One of the blessings of having connections in both continents is the opportunity to travel back to Africa and celebrate the sights, smells, sounds and memories. Even as I write this blog, there is an early morning thunderstorm growling over the veld outside, out-doing the cries of the Hadidah birds.

There is also an annoyance, we woke up to no electricity due to the electrical cables having been stolen through the night! A hassle when this is the second time this week this has happened…and apparently a practice that continues unabated. The electrical cables make for good resale, and it’s a case of supply and demand, and of survival!

My time under African skies has seen our family traveling from the mega city of Johannesburg to a safari camp, to the extraordinarily beautiful midlands of Kwa-Zulu Natal and the Lowveld mountains around Barberton on the way to Swaziland. Breath takingly beautiful scenery along the way, and many moments of connection, reflection and trips down memory lane. I marvel at the miracle of family life. You may not have seen a beloved family member for 5 years, and yet when you reconnect, it seems that not a second has passed since the last time, and you just pick up where you left off.

Tomorrow I will farewell you again, mother Africa.

I leave with joy in my heart, and also sadness.

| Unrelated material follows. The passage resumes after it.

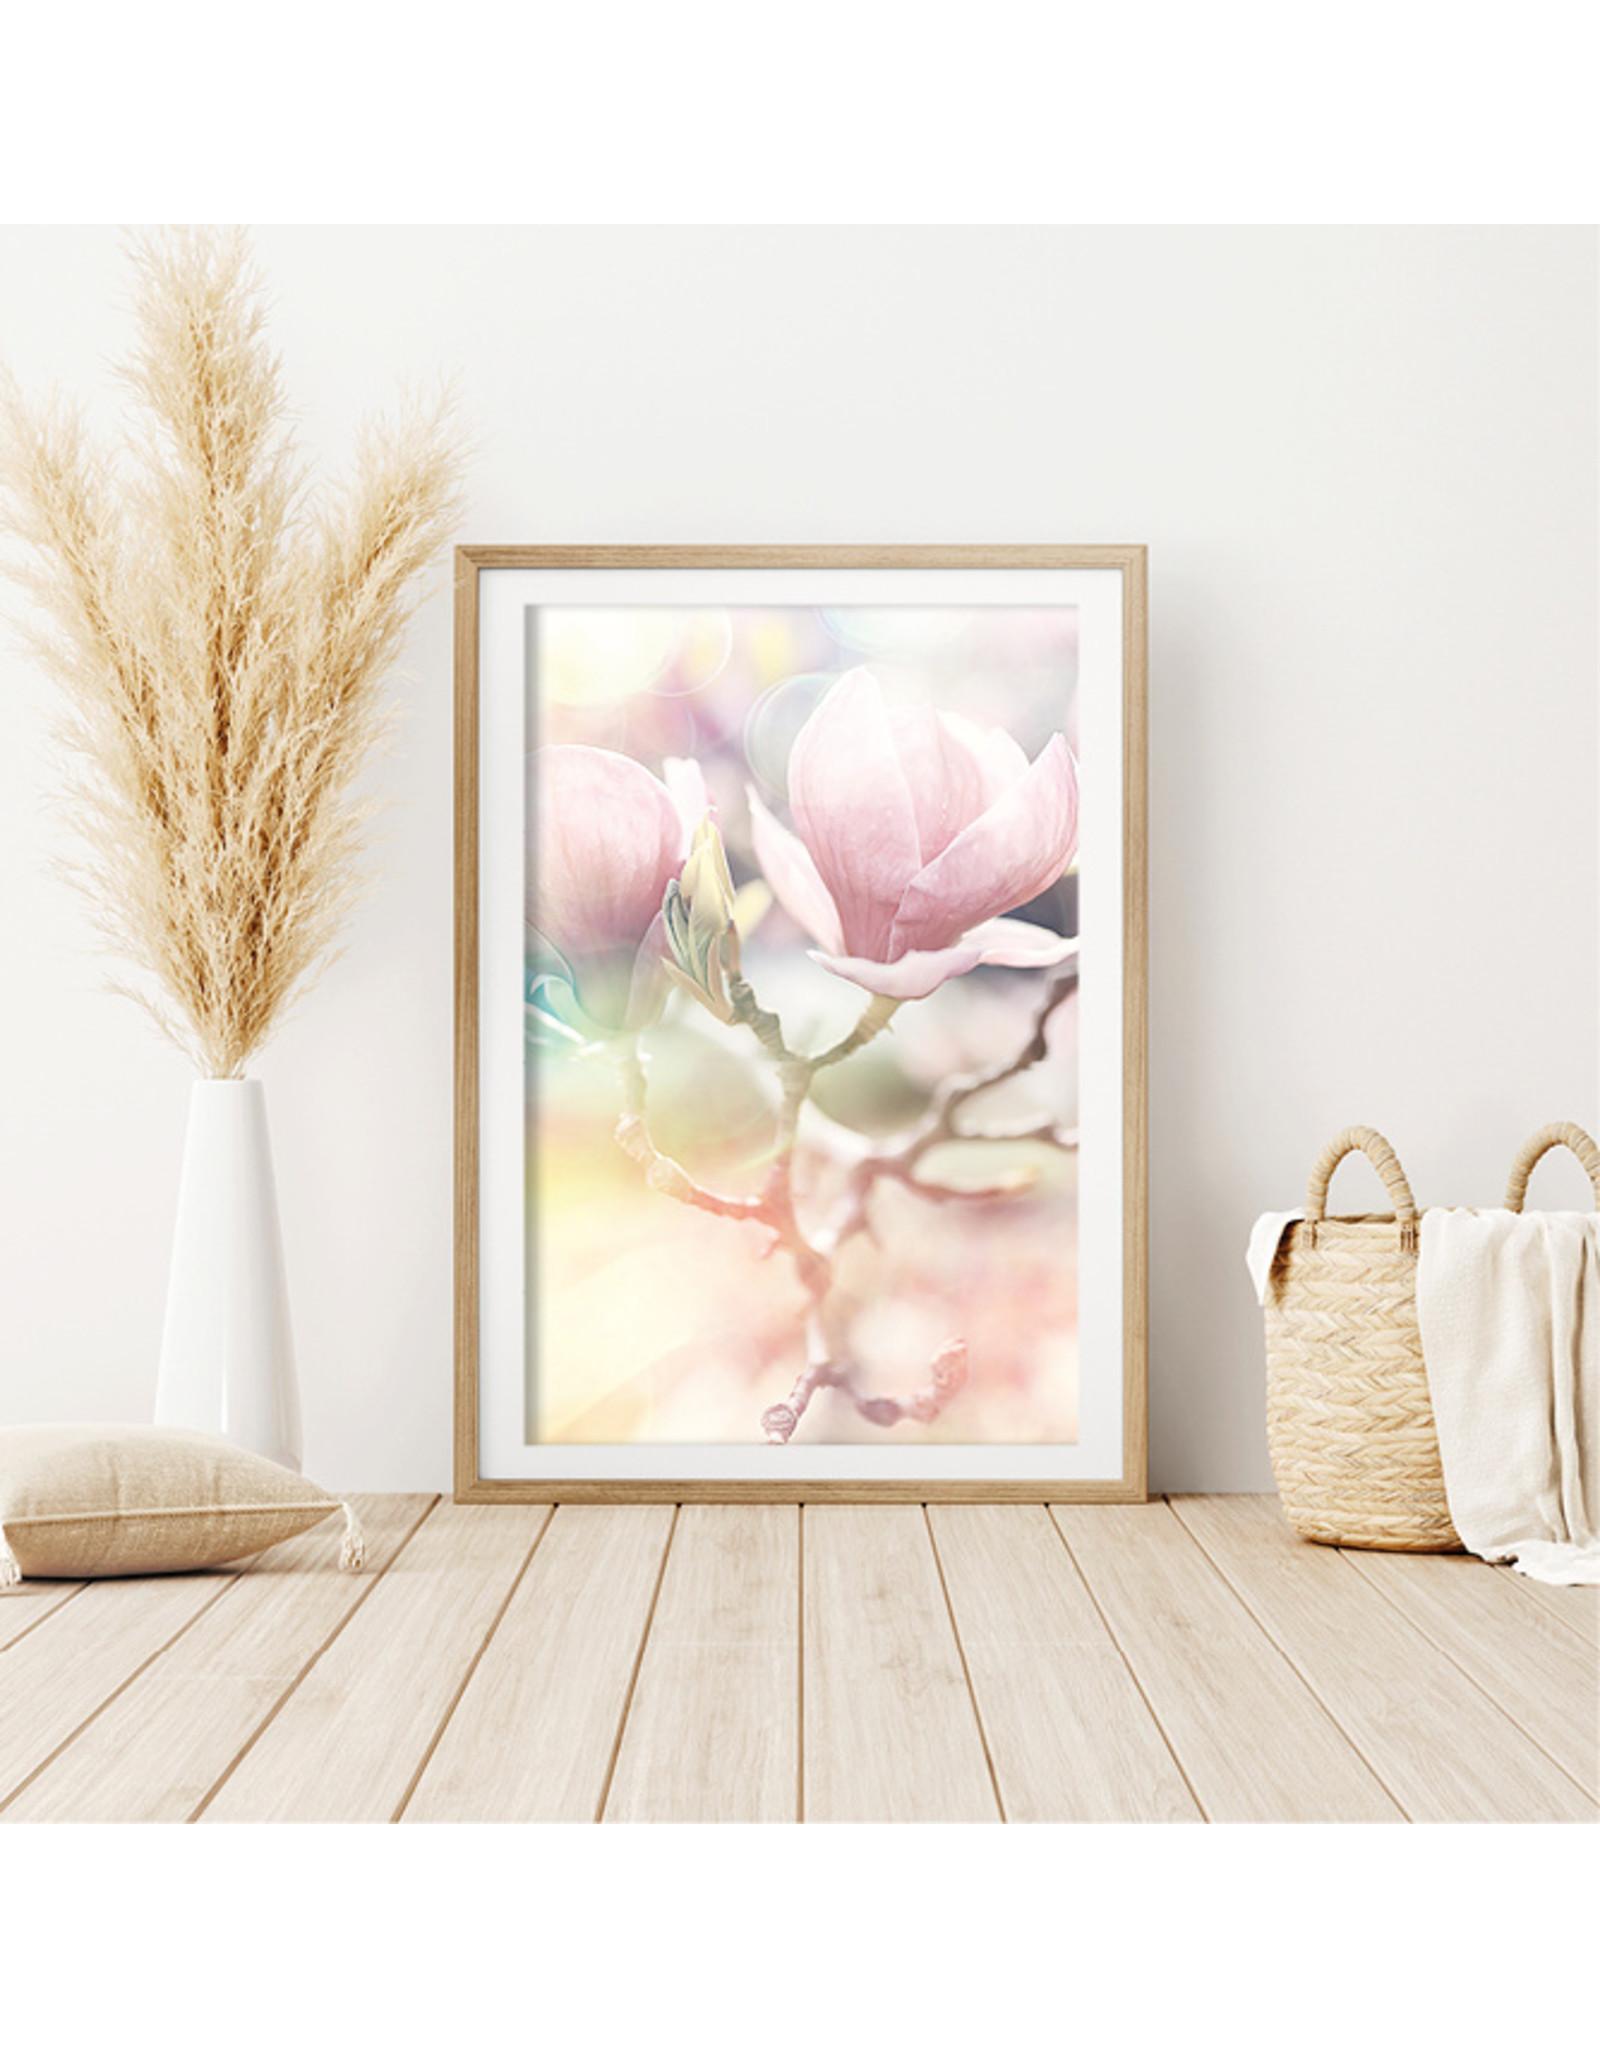 Dunnebier Home Poster Magnolia

You have experienced devastating leadership in recent times, and you deserve so much better.

I am not a political person, but the devastation caused by your avaricious leaders with self-serving corrupt values has to be called for what it is. Your leaders unashamedly build themselves mansions, whilst accepting that the average number of people living in a room in Soweto is 16! Money siphoned offshore by many of your leaders to boost personal wealth is taken away from health services and students who battle to get a decent education.

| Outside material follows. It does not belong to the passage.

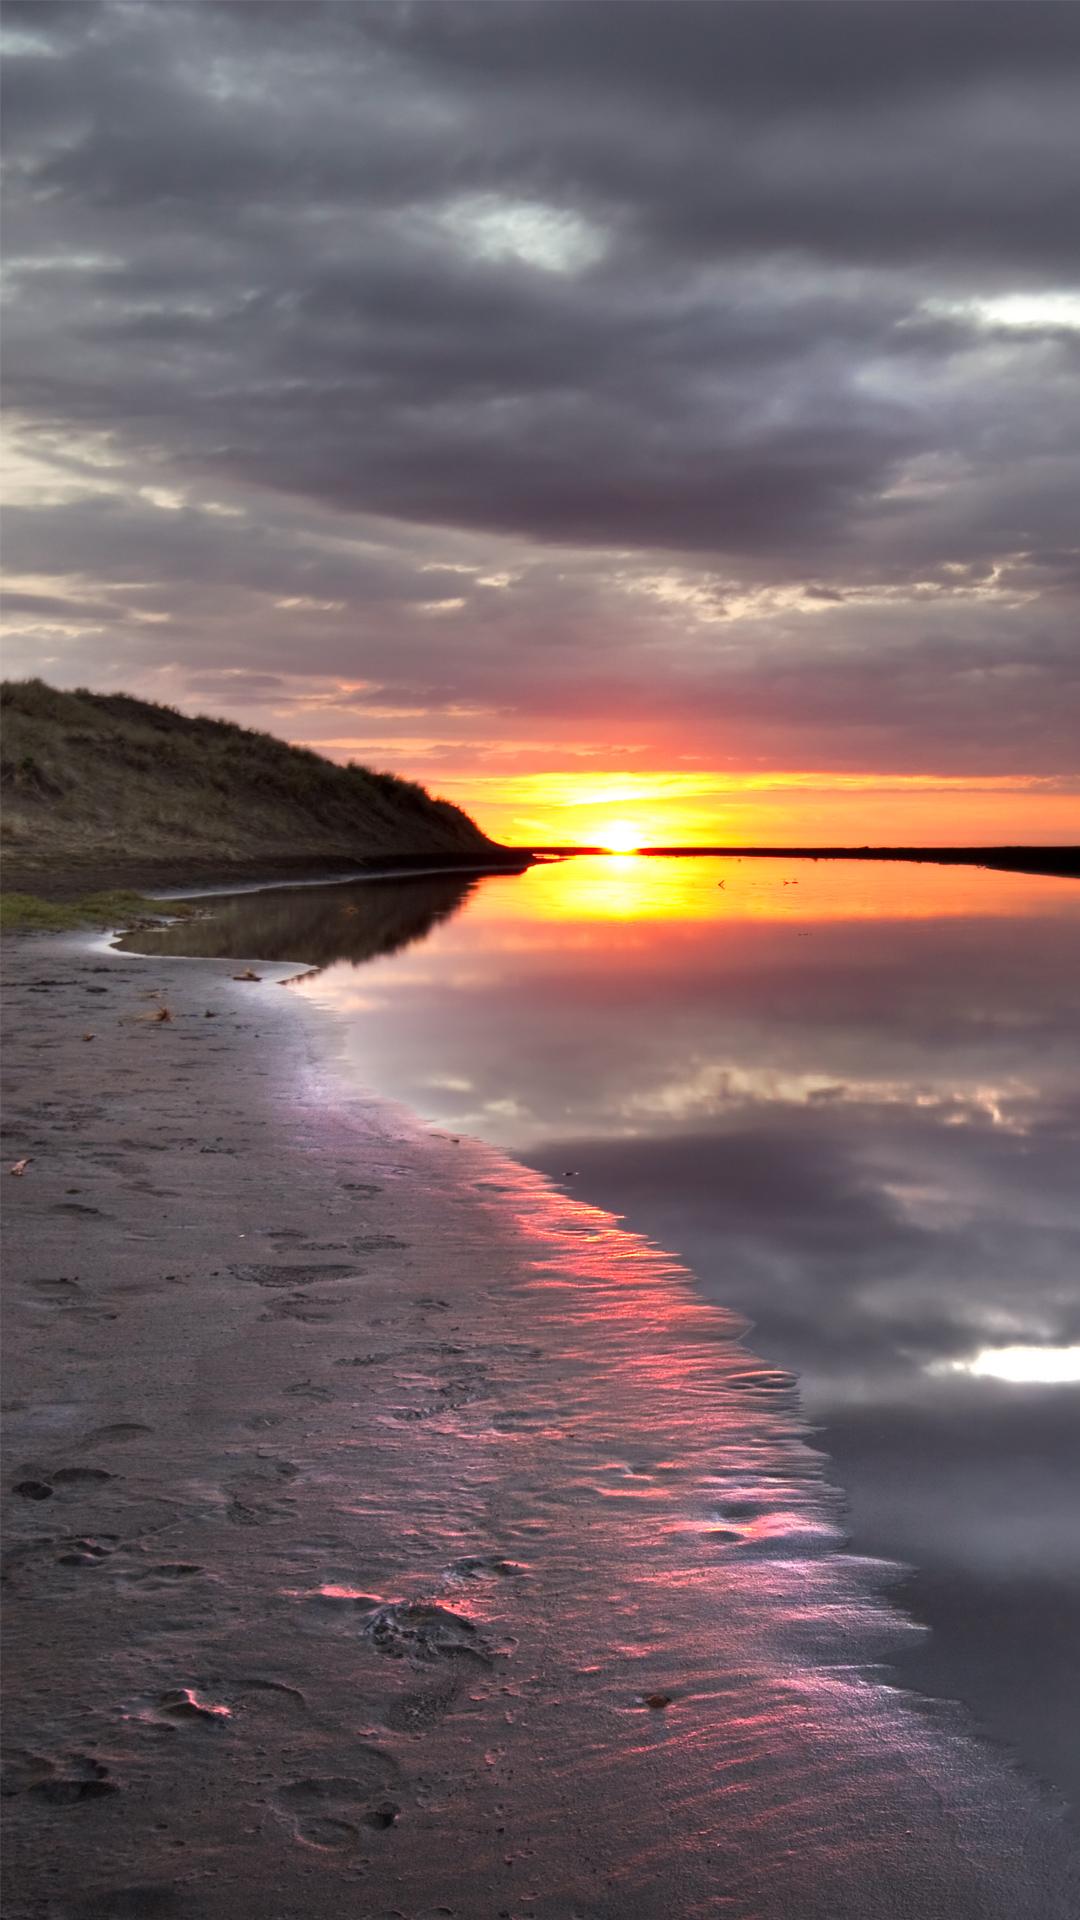 Art Sunset iPhone 7 Plus Wallpaper Gallery Yopriceville   High 1080x1920

Throughout my trip, Nelson Mandela has made his leadership presence felt. We drove past the site on the road in KwaZulu Natal where he was arrested; I walked into the room where he was imprisoned in Constitution Hill in Johannesburg and saw the house in Houghton where he lived post freedom in 1995. All are reminders of leadership legacy – and I couldn’t help but think how he would be so disappointed and even furiously angry with the flavour of leadership tainting South Africa right now! He and South Africa deserve better.

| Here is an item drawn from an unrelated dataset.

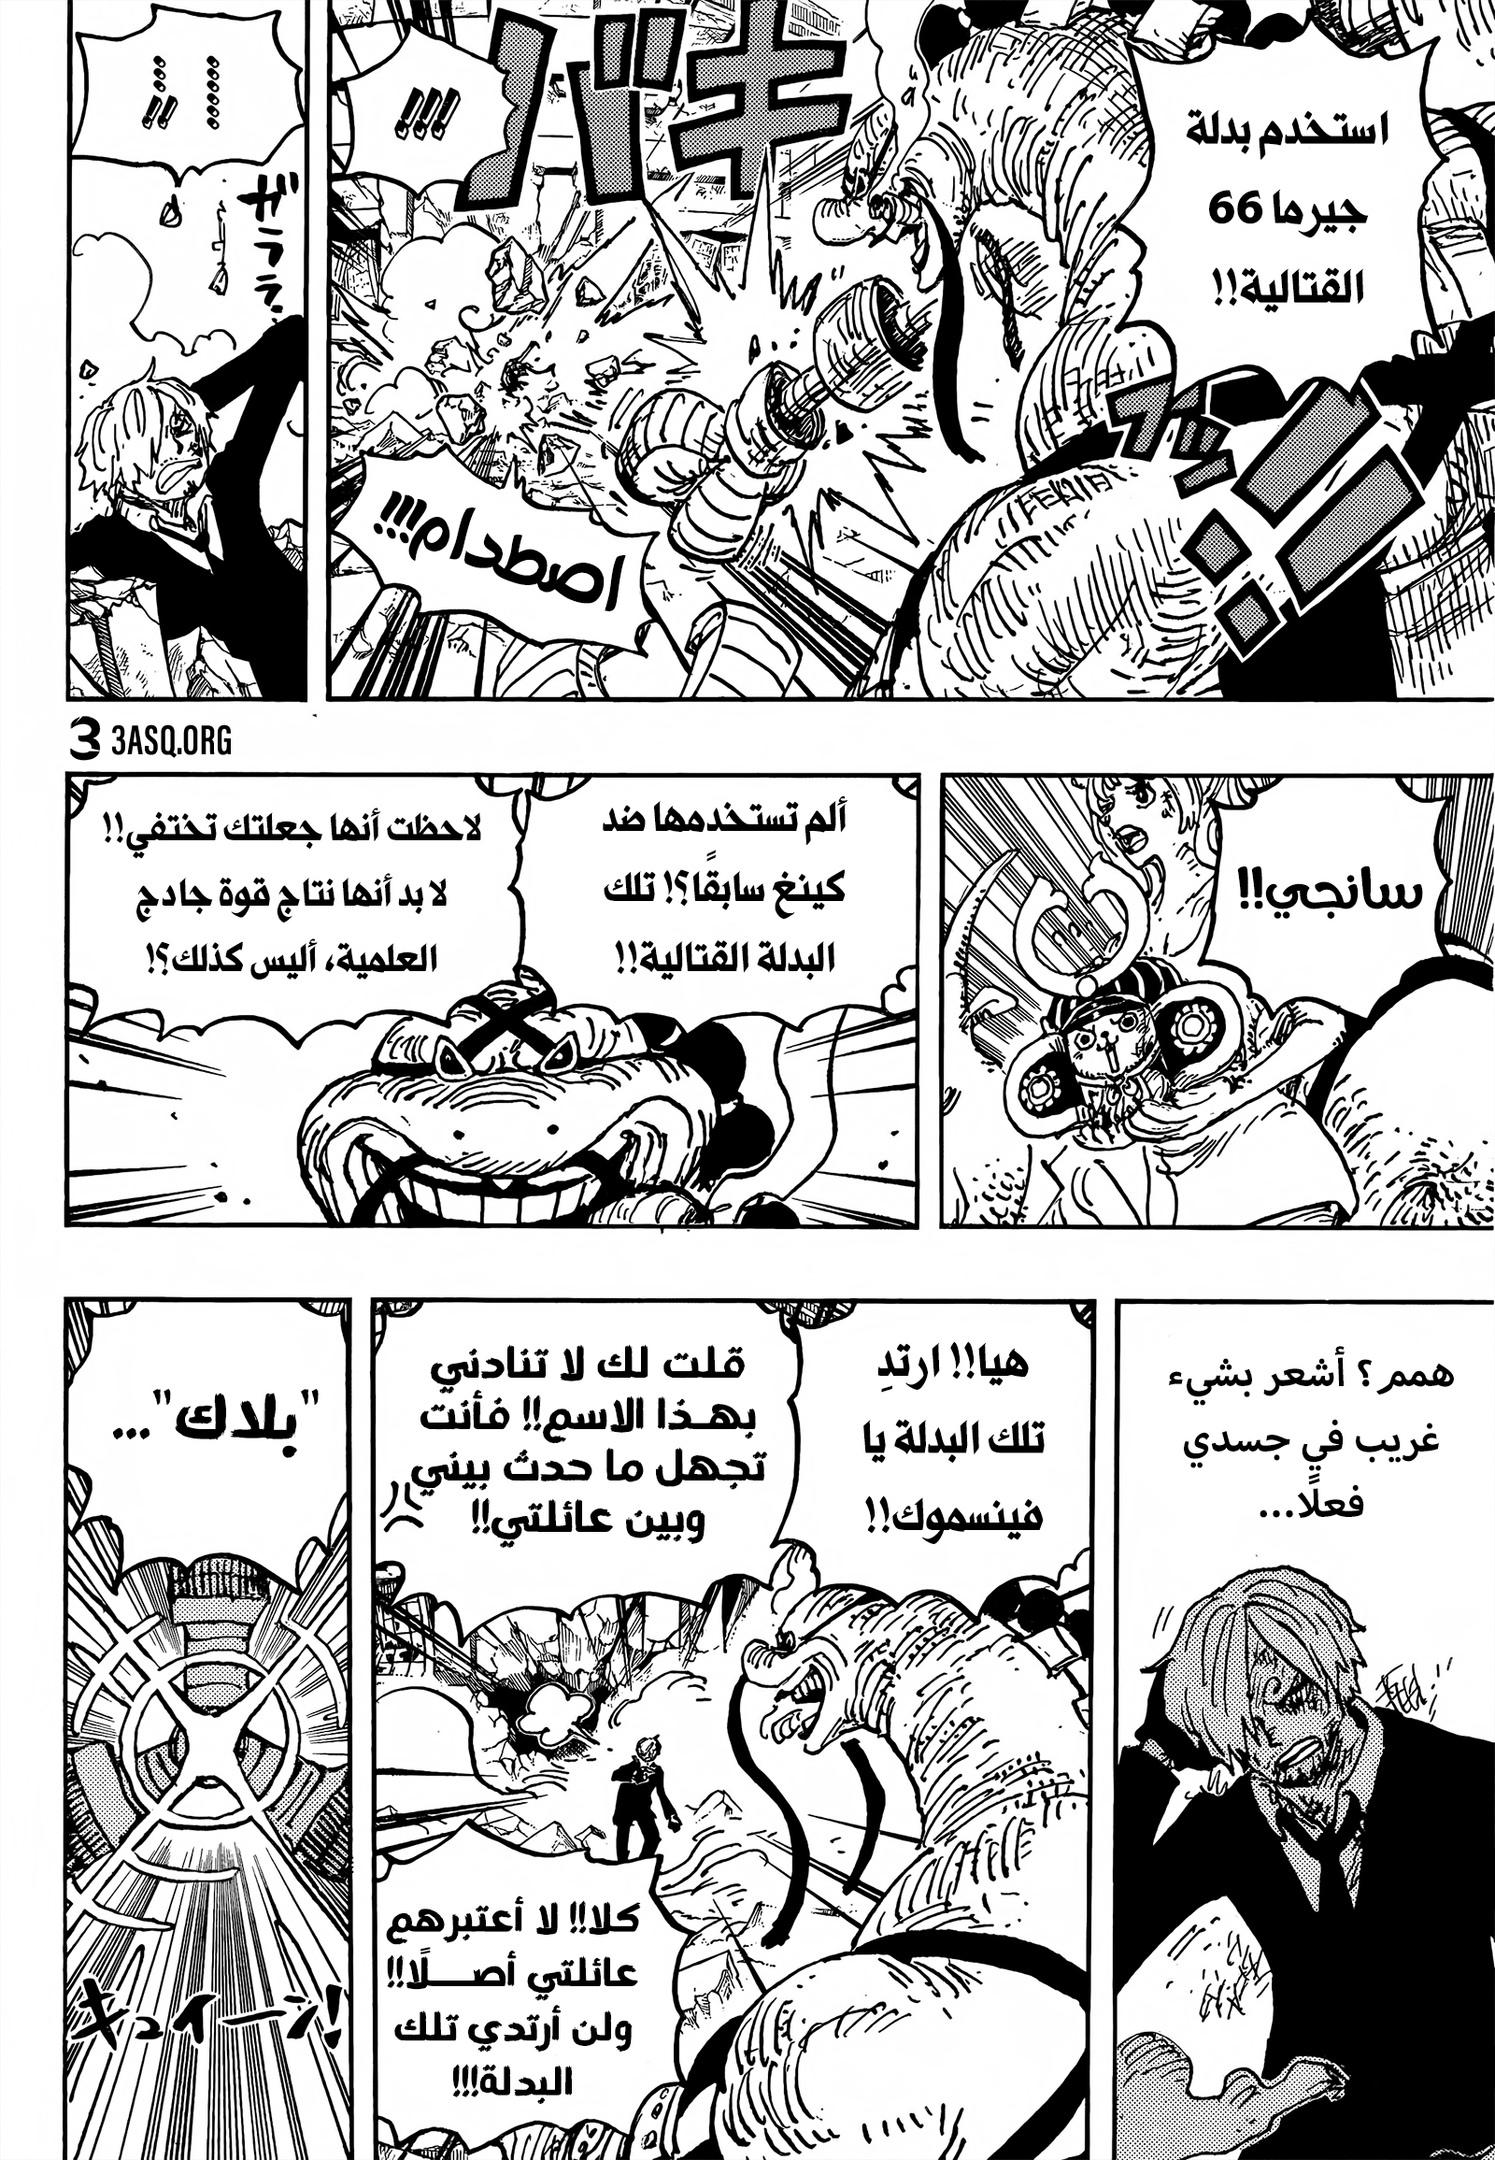 Arab One Piece 1028, image №10

Through the many conversations I’ve had whilst being here, some stick in my mind – highlighting where leadership has gone so horribly wrong in recent times:

  • A young cousin of mine has been failed on several occasions trying to get her driver’s license – her parents know that the driving instructor is waiting for a bribe before he will pass her. It is customary practice, and they’re holding out (not wanting their child to learn that bribery gets you places in life!)
  • Traffic police sit back and watch cars on the national highways driving on the wrong side of the road. Should they be bothered to intervene, a bribe is all they’re after
  • Basic services such as electricity and water supply can no longer be relied upon
  • Homes fortified with security systems to protect against armed invasions
  • Economic stagnation as parliament grapples with laws which will allow acquisition of land with no compensation
  • Books vital for public education being delivered in the October of a school year – leaving students under-resourced for the majority of the year
  • A growing divide between privately and publicly funded education
  • A growing health care crisis

It would be fair to ask when South African leaders will stop letting its people down?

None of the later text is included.